Pythagoreion and Heraion of Samos (World Heritage)

By | August 20, 2021

The ruins of the ancient port city of Pythagoreion recall the significant history of the island off the Ionian coast, which had its heyday under the tyrant Polycrates in the middle of the 6th century BC. Experienced. The ruins and exposed monuments include parts of the city as well as large areas of the Heraion with the monumental Hera temple and the water tunnel of the Eupalinos.

Pythagoreion and Heraion of Samos: facts

Official title: Pythagoreion and Heraion of Samos
Cultural monument: Ruins of the sanctuary of Hera, in the 6th century BC The largest temple of its time with a size of 52.5×105 m, and the ancient port city of Pythagoreion with the remains of the ancient pier of Polykrates, with 6.5 km long city wall from the 4th century BC. In addition to 35 towers and 12 gates, the ancient residential town and the 1 km long tunnel of the Eupalino of Mégara for water supply
Continent: Europe
Country: Greece, Southern Sporades
Location: Pythagoreion and Heraion, southwest of the city of Sámos on the island of Sámos
Appointment: 1992
Meaning: Evidence of the long history of settlement on the island of Samos

Pythagoreion and Heraion of Samos: History

around 1000 BC Chr. Settlement by Ionian Greeks
532-522 BC Chr. It flourished under the tyrant Polykrates
522 BC Chr. Execution of Polykrates by the Persians
439 BC Chr. Captured by the troops of Pericles
133 BC Chr. Incorporation into the Roman Empire
1207 Occupation by Franconia
1475 Capture by Turks
1821 Participation in the Greek War of Liberation
1832 independent principality
1910 Beginning of excavations of the Heraion
1912 Connection to Greece
1963 Discovery of the sacred Lygos tree

Admired by Herodotus…

According to naturegnosis, the Greek historian Herodotus did not fail to receive praise when he reported on Sámos. The three most powerful structures built by the Greeks were found here: the dam of Sámos, the tunnel through Mount Ampelos and the stately sanctuary of Hera.
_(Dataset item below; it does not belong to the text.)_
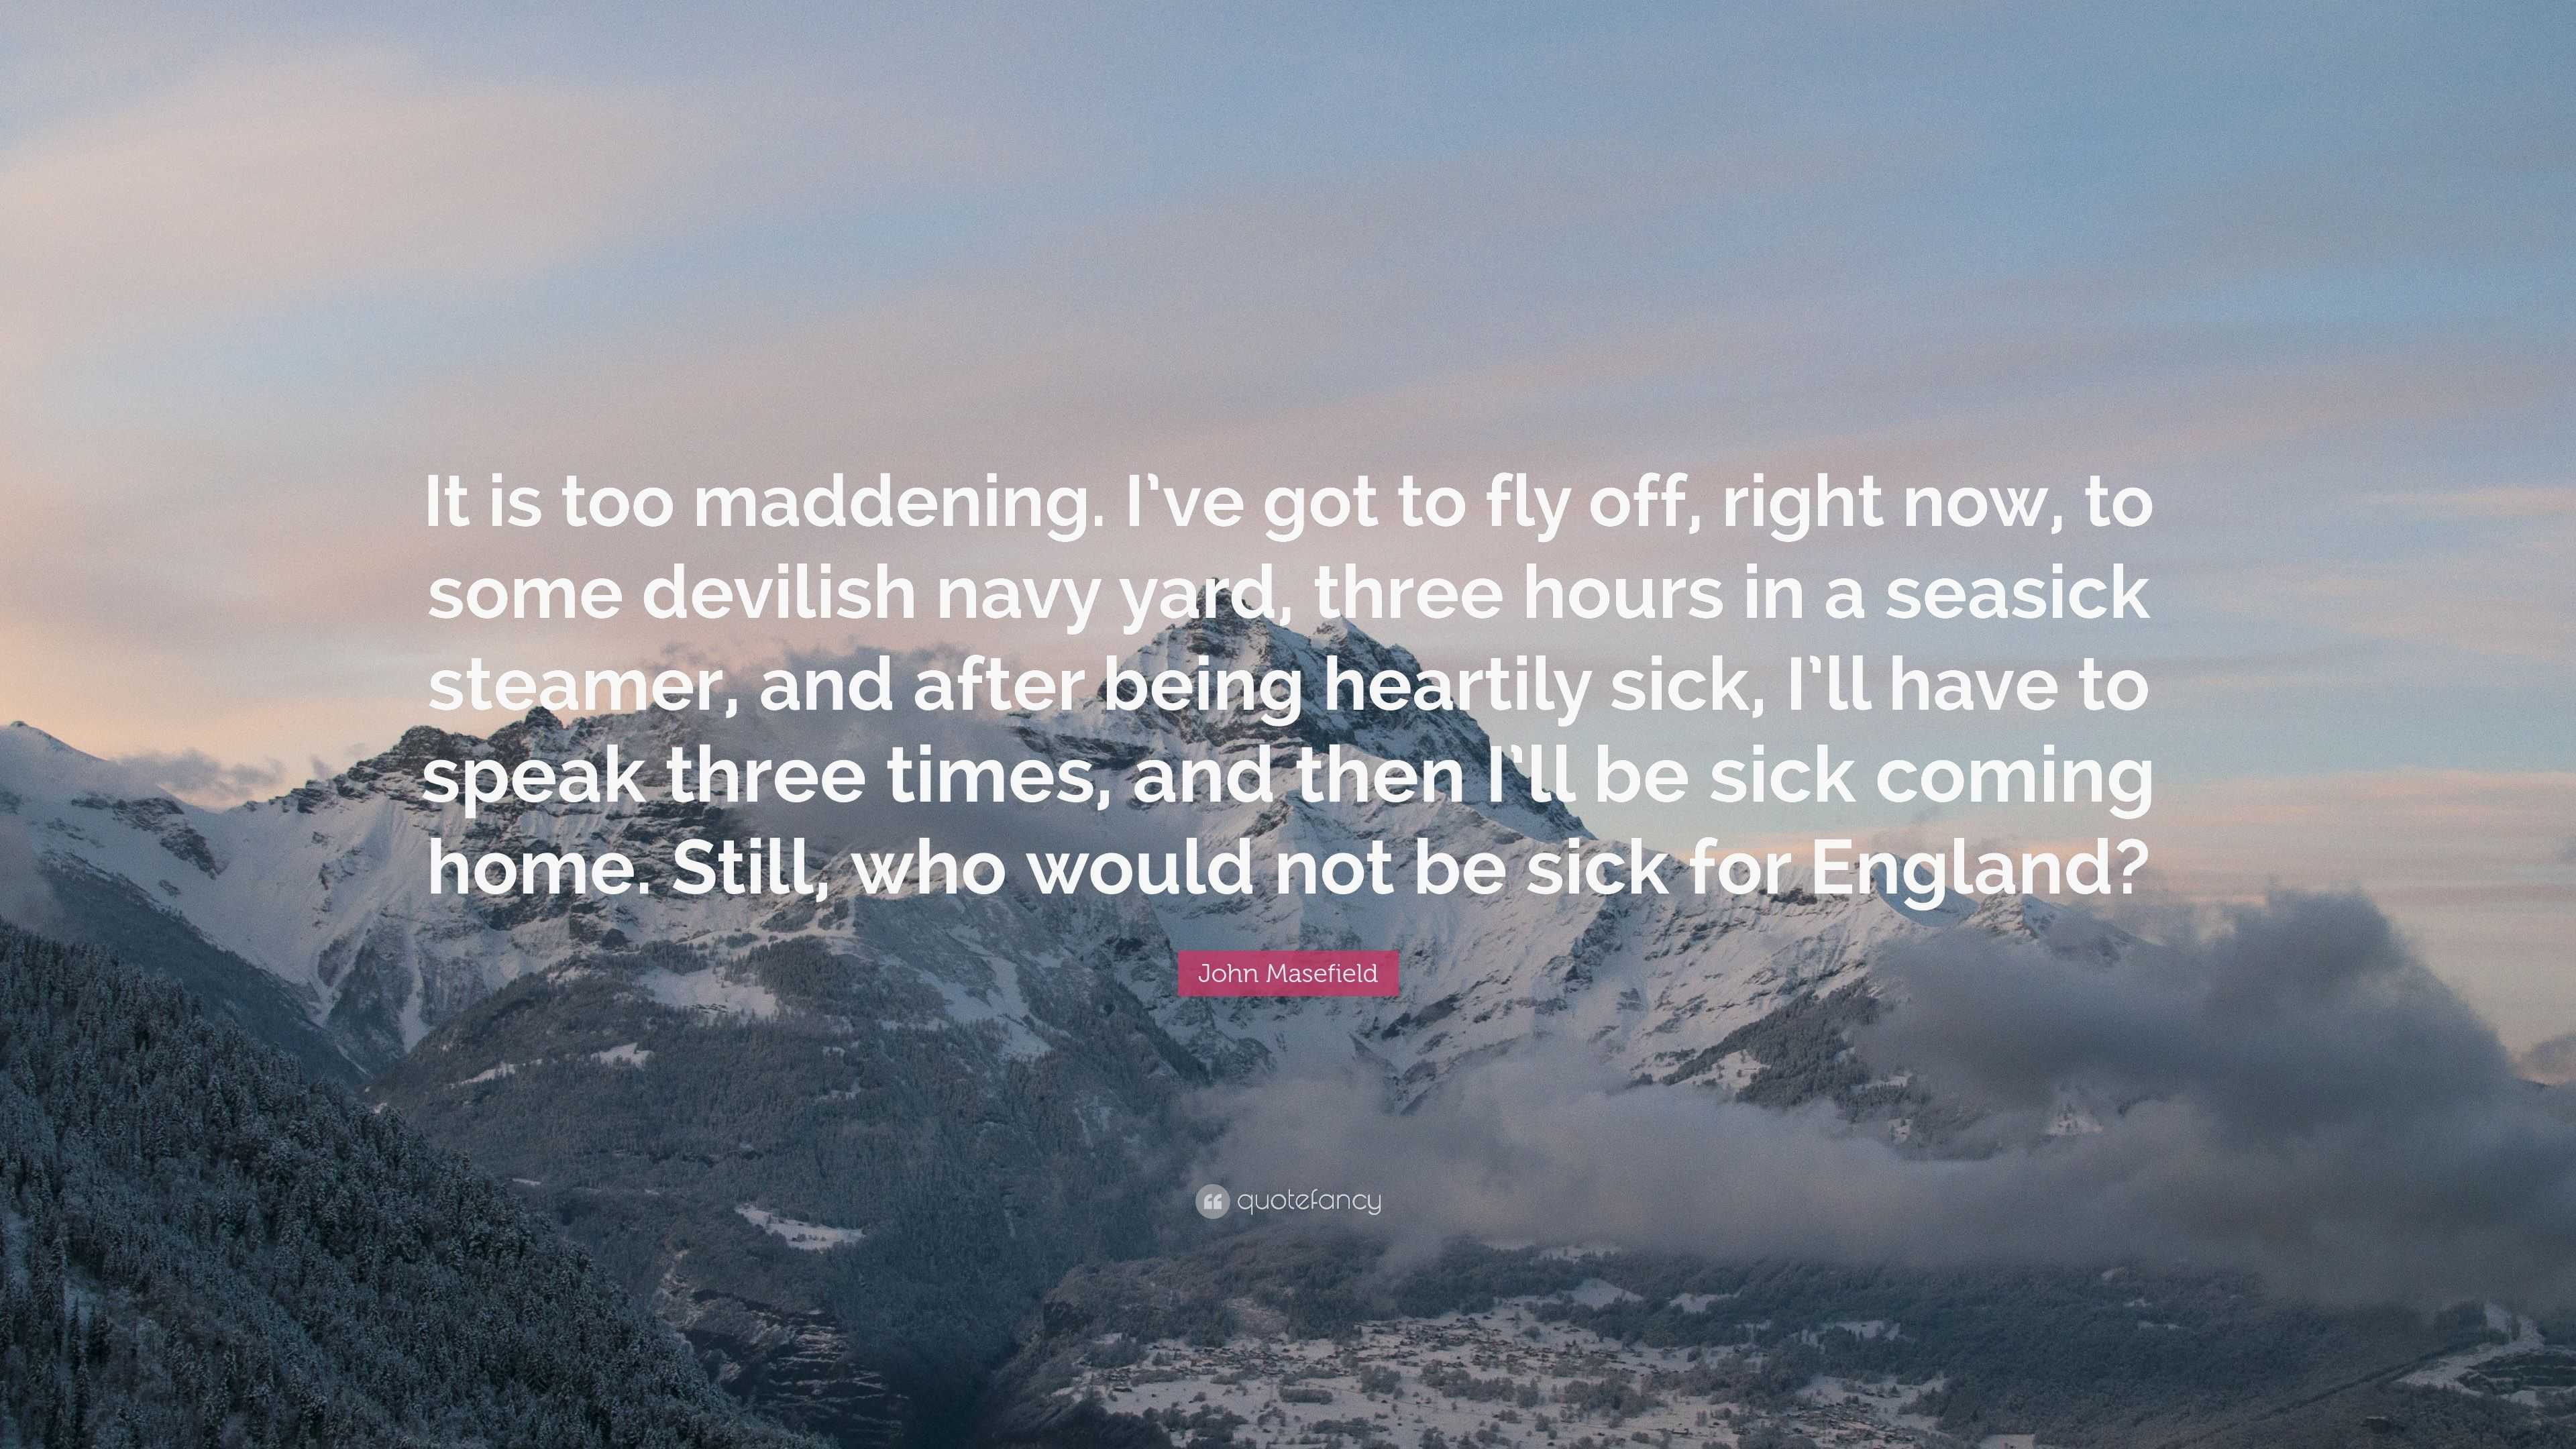 John Masefield Quote: “It is too maddening. I've got to fly off

Indeed, these buildings are outstanding architectural and technical masterpieces of the pre-Christian millennium. Sámos was at the height of his power in the 6th century BC when the tyrant Polycrates ruled the island. Not only was the fortune of war on his side, he also knew how to rally important artists and scientists of his time, including Herodotus and Anacreon. With a sense of the art of war, he had a huge pier built, which protected the harbor, in which the fleet of 150 ships was moored. This port, created by the slave labor of slaves from Lesbos, is considered to be one of the technical highlights of ancient Greece. But the power of the tyrant relied not only on the fleet, but also on an army of more than a thousand archers.

With the help of the architect Eupálinos, Polykrates also succeeded in perhaps the most ingenious work of ancient Greek engineering: probably to be immune to any siege, he not only surrounded his capital with a city wall over six kilometers long, but also made provisions for the supply of drinking water during such unfortunate times. To this end, he had a more than one kilometer long tunnel, lined with water pipes, driven through the Ampelos mountain – the second known tunnel in history that was built using the opposite direction. It is believed that the construction work took between five and ten years. The technical masterpiece of a hidden and accessible, two-meter-wide tunnel, which was probably also intended as an escape route, was still used in later centuries, as numerous finds show.

A “holy road”, paved in Roman times, led almost straight to the Hera sanctuary seven kilometers southwest of the city. Multiple excavations have confirmed the legends that have been handed down that a holy place was established here in the earliest times. Excavation finds testify to ritual rituals from at least the second millennium BC. The early worship of a deity of the earth and fertility that was cultivated there merged around the turn of the first millennium BC with the worship of Heras, the wife of Zeus in Greek mythology. She was probably originally a pre-Greek goddess of nature and fertility, the “Bringer of everything,” as she was poetically praised. At first the goddess was worshiped in the form of a raw wooden board, which was only transformed into a human figure in the Greek era. After the first temples and altars were built in honor of the goddess around the middle of the sixth century BC, a huge temple was built two decades later, according to plans by the architects Rhoikos and Theodoros, “the largest we know” for Herodotus. A single column rising from the ruins still testifies to the grandeur of the building, which was built as a temple with a double row of columns. The pillars of this holy place rose up to twenty meters high into the sky. And the dimensions of the temple were huge for the time: It covered an area of ​​52.5 by 105 meters.

Today’s landscape of ruins can only be enlivened with great imagination; only fragments have been preserved of the life-size and larger-than-life statues of gods and humans that once lined the processional streets. But these and other remains, some of which can be admired in the local museum, testify to the high level of sculpture on Sámos.